5.5. Heterogeneity Analysis

5.5.1. Firm Heterogeneity

The nature of a company largely determines the government preferential policies it enjoys, the ease with which it can obtain resources, and the differences in resource endowments. This means that the impact of digital transformation on the complexity of export technology may differ among companies of different types. Based on company ownership, this paper divides the manufacturing firm sample into state-owned enterprises and non-state-owned enterprises, and performs regression analysis separately for each group, as illustrated in Table 8. It can be seen that the estimated coefficients for digital transformation are all significantly positive at the 1% level, indicating that digital transformation in both types of enterprises contribute to the enhancement of export technological complexity. However, the estimated coefficient for digital transformation in state-owned enterprises is significantly higher than that for non-state-owned enterprises, suggesting that the impact of digital transformation on export technological complexity is stronger in state-owned enterprises. The reasons for this may be that, on the one hand, digital transformation usually requires substantial financial support, and state-owned enterprises, with their strong capital base and financing convenience, have an increased likelihood of securing government fiscal support and credit from financial institutions. Therefore, state-owned enterprises face relatively smaller financing constraints. On the other hand, state-owned enterprises typically have a strong industrial base, well-established production line layout, and mature production technologies. This not only helps stabilize production and product supply but also allows state-owned enterprises to fully leverage their resource aggregation and integration advantages during the digital transformation process, thus promoting the improvement of export technological complexity by enhancing production efficiency.

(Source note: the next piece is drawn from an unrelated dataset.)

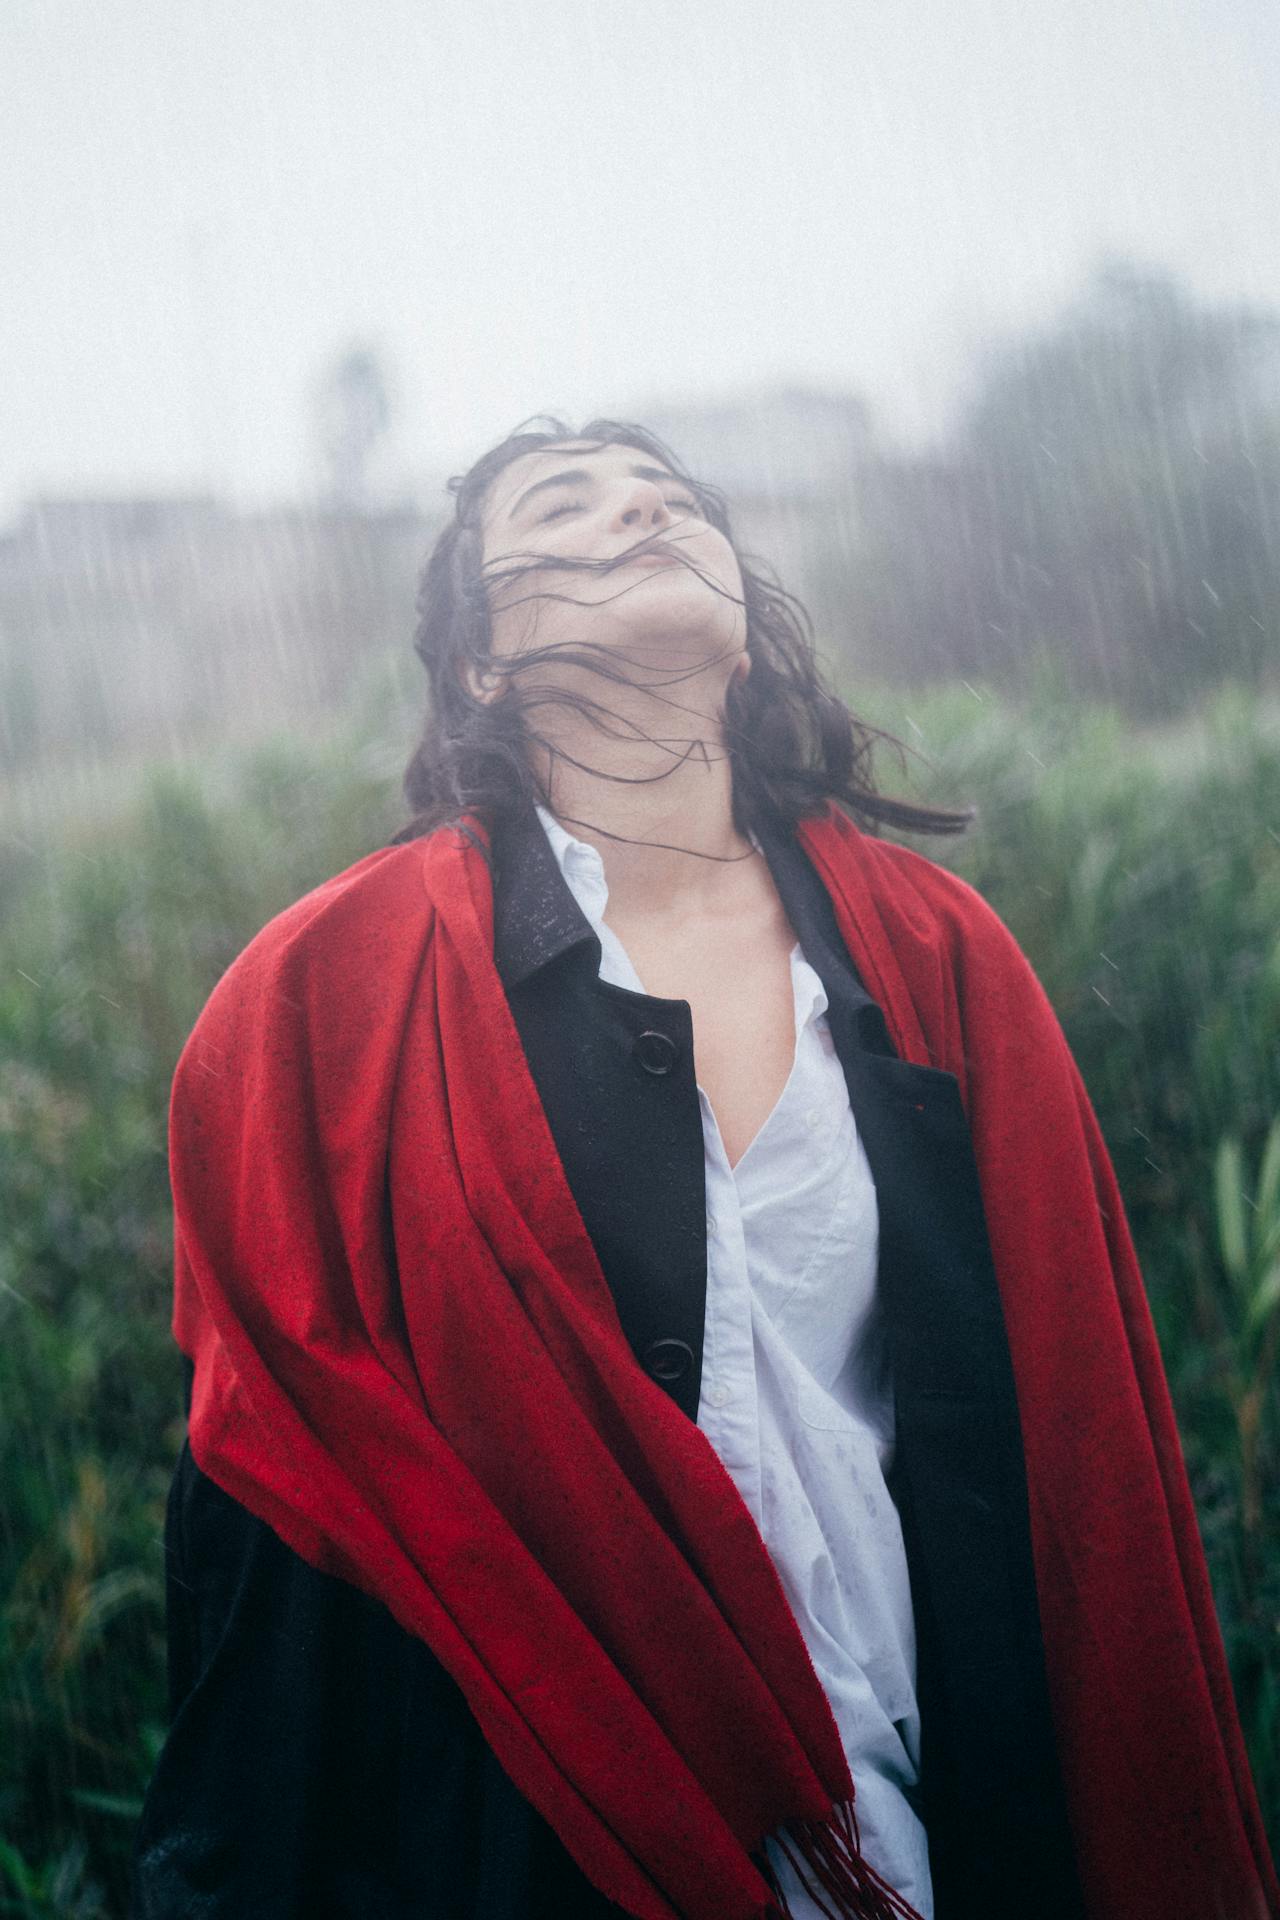 A light skinned woman with medium brown hair stands in the rain, wearing a red coat. Her face is turned upwards and her eyes are closed.

5.5.2. Industry Heterogeneity

  • The impact of industry factor intensity
Different industry factor intensities imply different factor configurations, industrial chain models, innovation and R&D capabilities, and mode outcome transformation, resulting in varying effects of digital transformation on the complexity of export technology. This paper categorizes the 23 manufacturing industries into three categories: labor-intensive, technology-intensive, and capital-intensive [66]. The regression results are displayed in Table 9, Columns (1) through (3). The findings indicate that the sample regression coefficients for labor-intensive and capital-intensive industries did not pass the significance test, whereas digital transformation in technology-intensive enterprises significantly promoted the improvement of export technology complexity. This may be due to that technology-intensive enterprises focus on technological innovation as their core competitive advantage, possess inherent digital advantages, and are able to fully leverage digital technologies to develop product and process innovations, thereby achieving intelligent and automated production, which promotes the enhancement of export technology complexity. Labor-intensive enterprises rely mainly on low-end labor for production, have low demand for high-end technology, and the proportion of labor costs in their operating costs is large, so their digital transformation has no significant impact on the complexity of export technology. Capital-intensive enterprises rely more on capital input than on technological innovation, and the impact of digital transformation on capital investment structure is limited, so the promoting effect is not obvious.
2.
The impact of industry competition intensity
The level of competition in the industry where a firm operates reflects the differences in its market environment. In more competitive industries, firms are more likely to find transaction partners along the supply chain, and their upstream and downstream partners exert relatively weaker constraints on the firm. This helps shorten supply chain cycles, reduce costs, and optimize the allocation of technological innovation resources, thereby improving product quality. Therefore, it can be expected that, compared to firms in low-competition industries, digital transformation will have a more significant impact on enhancing the export technology complexity of firms in high-competition industries. This paper employs the Herfindahl–Hirschman Index (HHI) to assess the level of industry competition. The index reflects industry concentration by calculating the sum of the squares of the market shares of all firms in a given market:
H H I = Σ i N ( X i X ) 2
where N represents the number of firms within a specific sub-industry, X i is the size of firm i, and X is the total size of the sub-industry. This paper uses operating revenue as a measure of firm size for calculation and divides industries into high-competition and low-competition industries based on the sample median. The smaller the HHI value, the greater the level of industry competition. Columns (4) and (5) of Table 9 present the regression results for firms in high-competition and low-competition industries, respectively. The results show that the estimated coefficient for digital transformation in high-competition industry firms is larger than that for low-competition industry firms, indicating that the impact of digital transformation on export technology complexity is stronger for firms in high-competition industries than for those in low-competition industries.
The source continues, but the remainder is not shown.